When Raj and his new wife had their own children, Manisha would have come after their children in hierarchy as far as food, clothing, and bare necessities. Her life at best would have been difficult and death was a certainty by the time she was seven.
After being asked several times, I thought I’d better find out. Ankit told me that Manisha was a Chetri, the second highest caste after Brahmin. Her last name in Nepali, Karki, was a common Chetri family name. It bothered me that everyone asked, but it was easier to answer the question than to evade it.
Many also thought Manisha was a boy because of her short, oily hair. When I later washed all the oil out, I was surprised that her hair was curly and thick. The substance her father kept lathering on her head prevented little critters from taking up residence. I later discovered lice.
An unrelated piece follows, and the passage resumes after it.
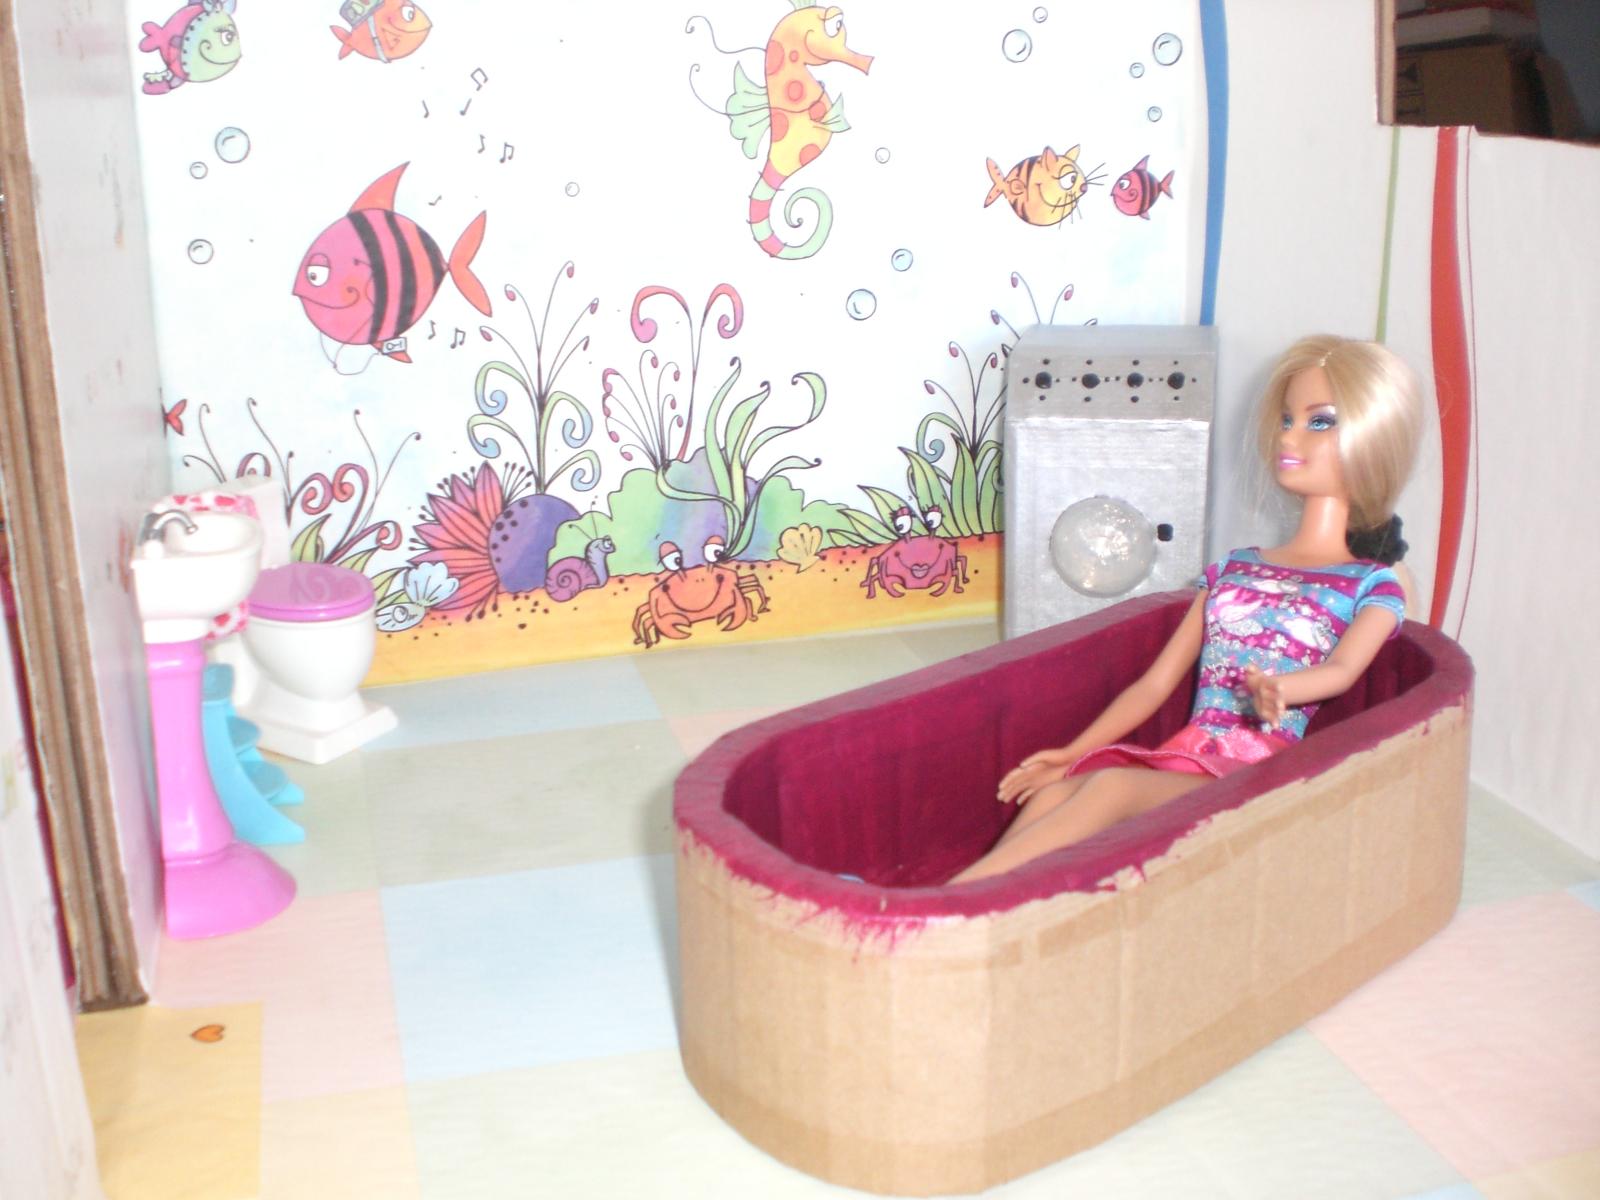 El mundo loco del carton marzo 2012 - Cosas para la casa de barbie ...
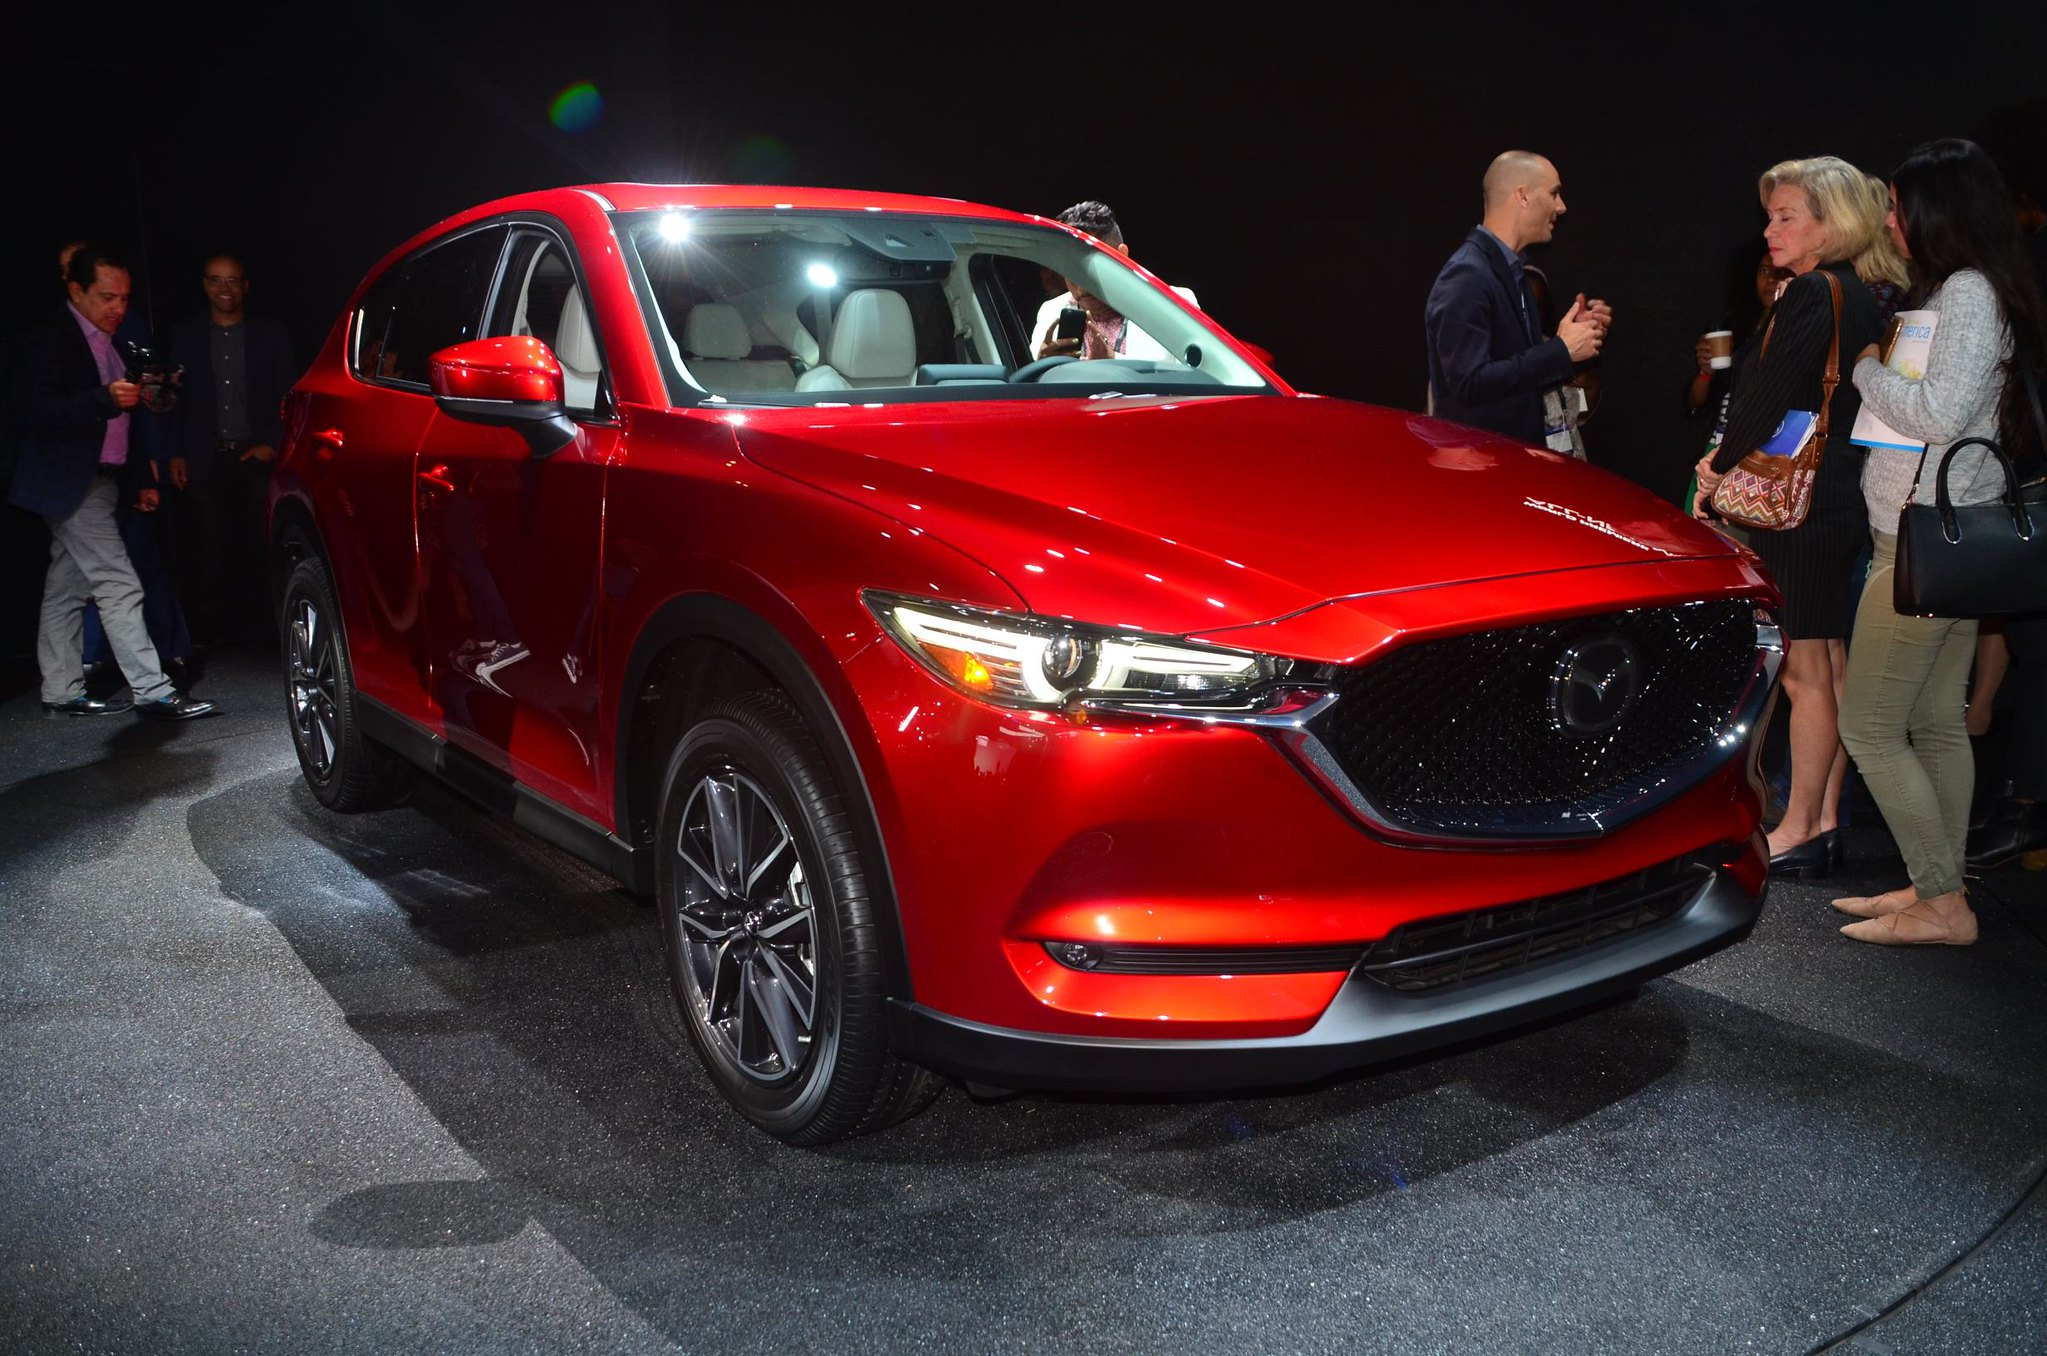 2017 Mazda CX-5 live photos: 2016 LA Auto Show

I relentlessly searched for the disgusting creatures on my new daughter’s head while she squirmed impatiently—and was convinced the miniature, prehistoric-looking monsters were also on mine.
I couldn’t wait to remove the nose ring and earrings. I had already come up with a plan for that. The red dot on the middle of her forehead also had to go.
I began to teach Manisha English and she made her first childish attempts to mimic the sounds I made—the word for lion, the word for flower, the word for cookie, the word for dirty, but her favorite word was “meow.” Any cat we saw required at least a 30 second examination, maybe longer. She taught me the word “bani,” which means rice, and Ankit made sure I knew the Nepali word for bathroom, which was Achi ayo.
We walked around for about an hour and a half, long enough to tire me out. Twenty-three pounds gets heavy after a while. As we headed back to the hotel, I heard another language being spoken that surprised me. A group of young people were talking in Hebrew. I turned around and asked if they were from Israel.